There’s other stuff going on that’s worth pointing out: how low they are in the frame, for one thing. The white wall is dominating them, and we see just enough of the bed frame for it imply the bars of a prison. I would also like to call your attention to Petra’s giant fake hair, a huge anchor of brown, and the darkest thing anywhere near the focal points of interest – it’s probably the single part of the composition that most emphasises how much more dominant Petra is in this moment and this space than Karin is. Also of note: the middle of the frame is almost perfectly in between their heads.
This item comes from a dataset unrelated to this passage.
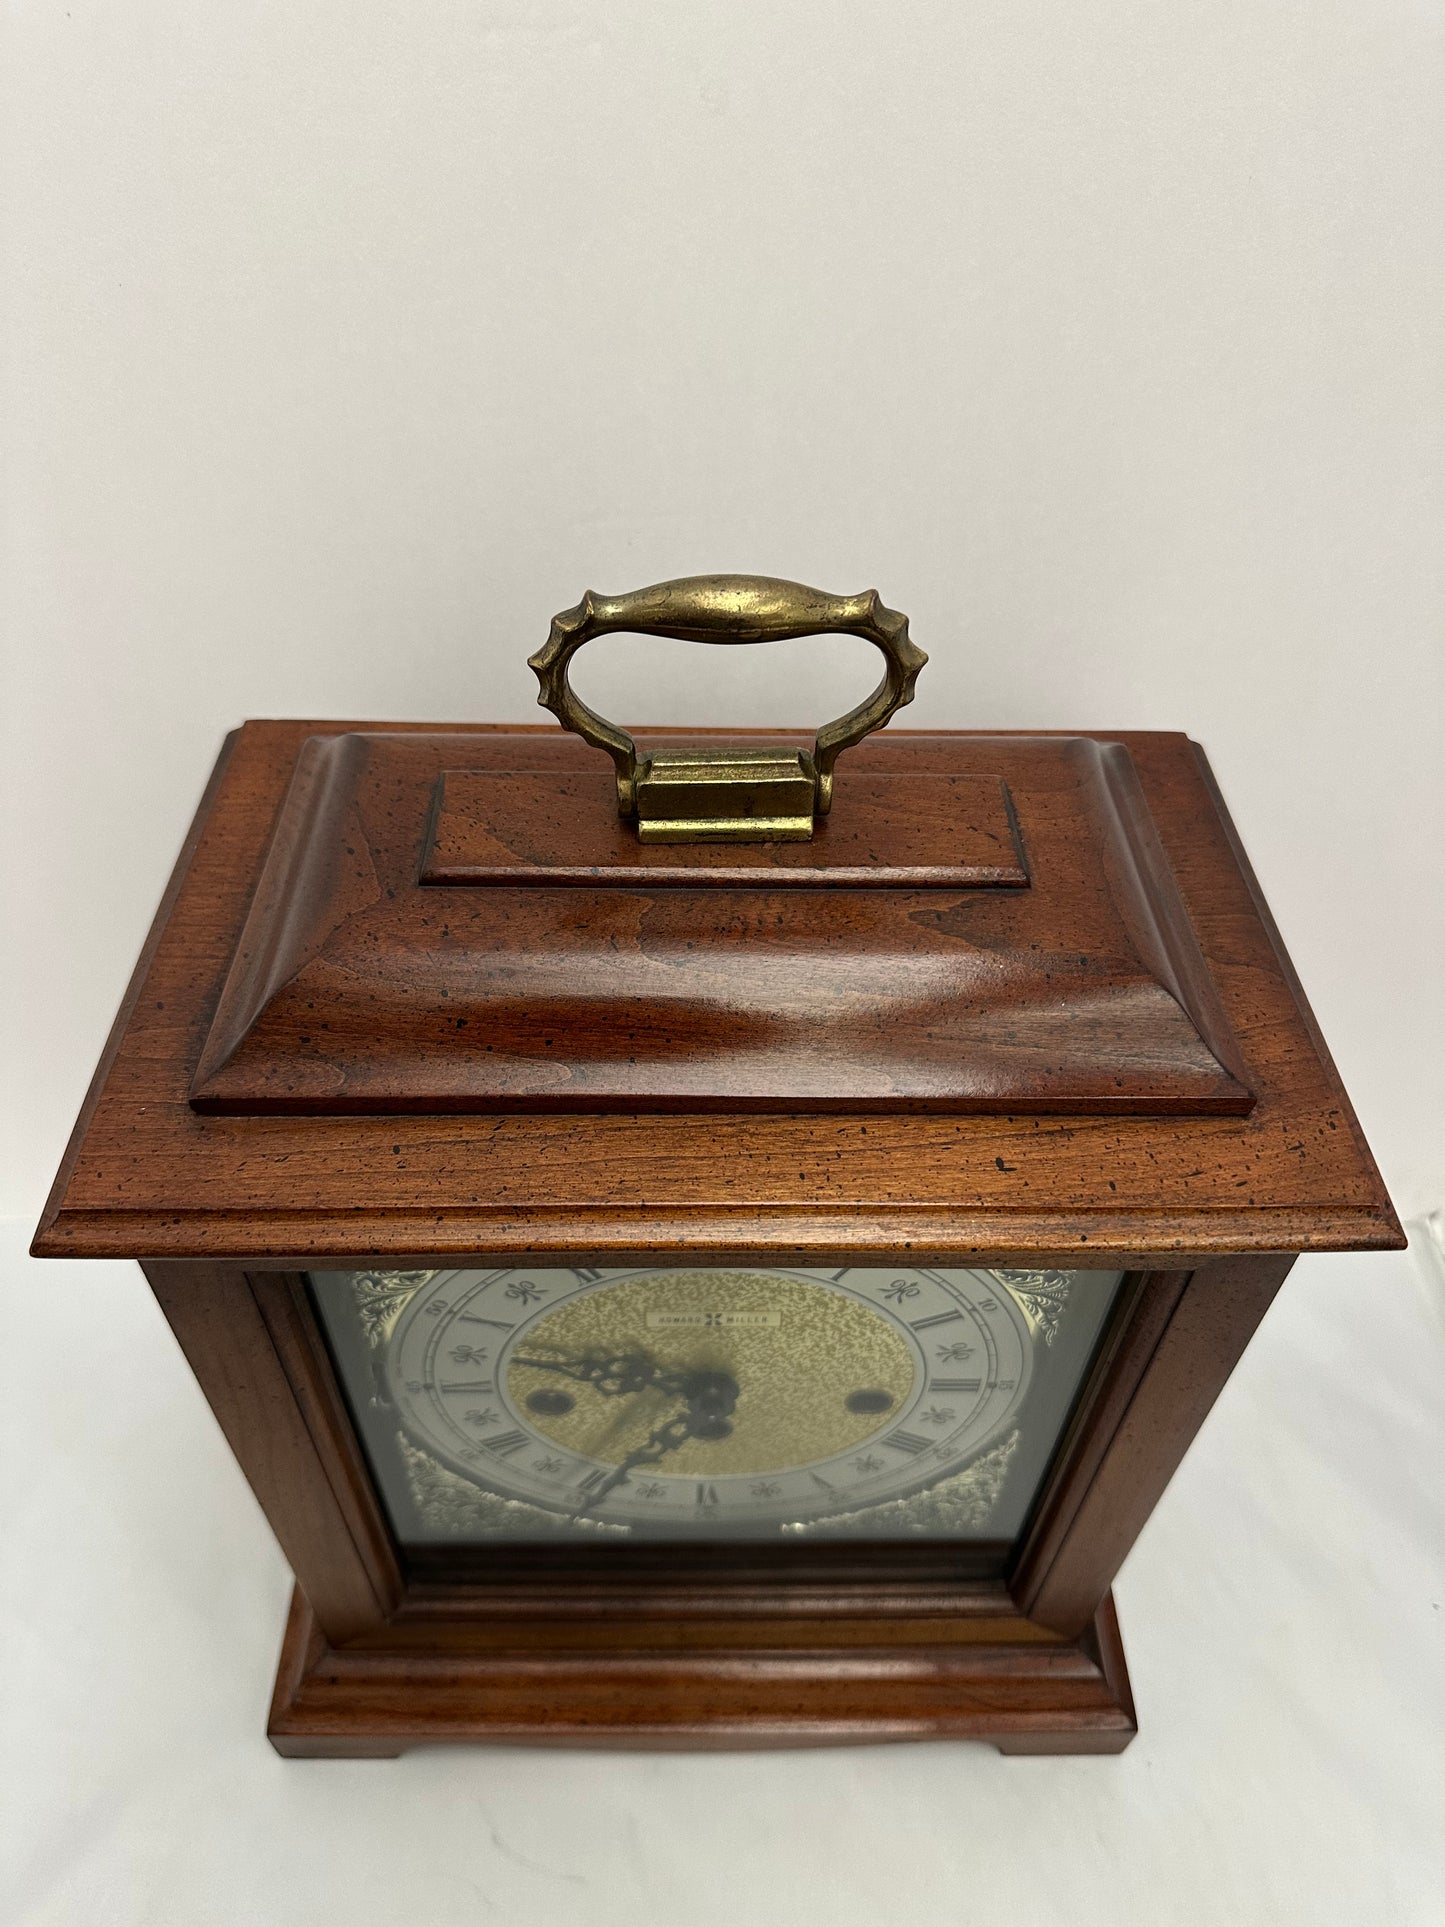 Vintage - Howard Miller Mantel Clock Graham 612-437

The combined shape of their bodies is perfectly in the center of the image, but neither of them, individually, is. The composition that results is both flat (centered compositions are almost always static) and dynamic (the offset faces tends to make us flicker our eyes back and forth), so we can never quite be comfortable, any more than the characters are in their own skin.
I mentioned a “profoundly striking image”; I couldn’t live with myself if I didn’t share it with you, my Runner-Up Best Shot from The Bitter Tears of Petra von Kant, in which fake bodies have fake sex under the gaze of a fake voyeur. And there we are, leering in through a window at all of it.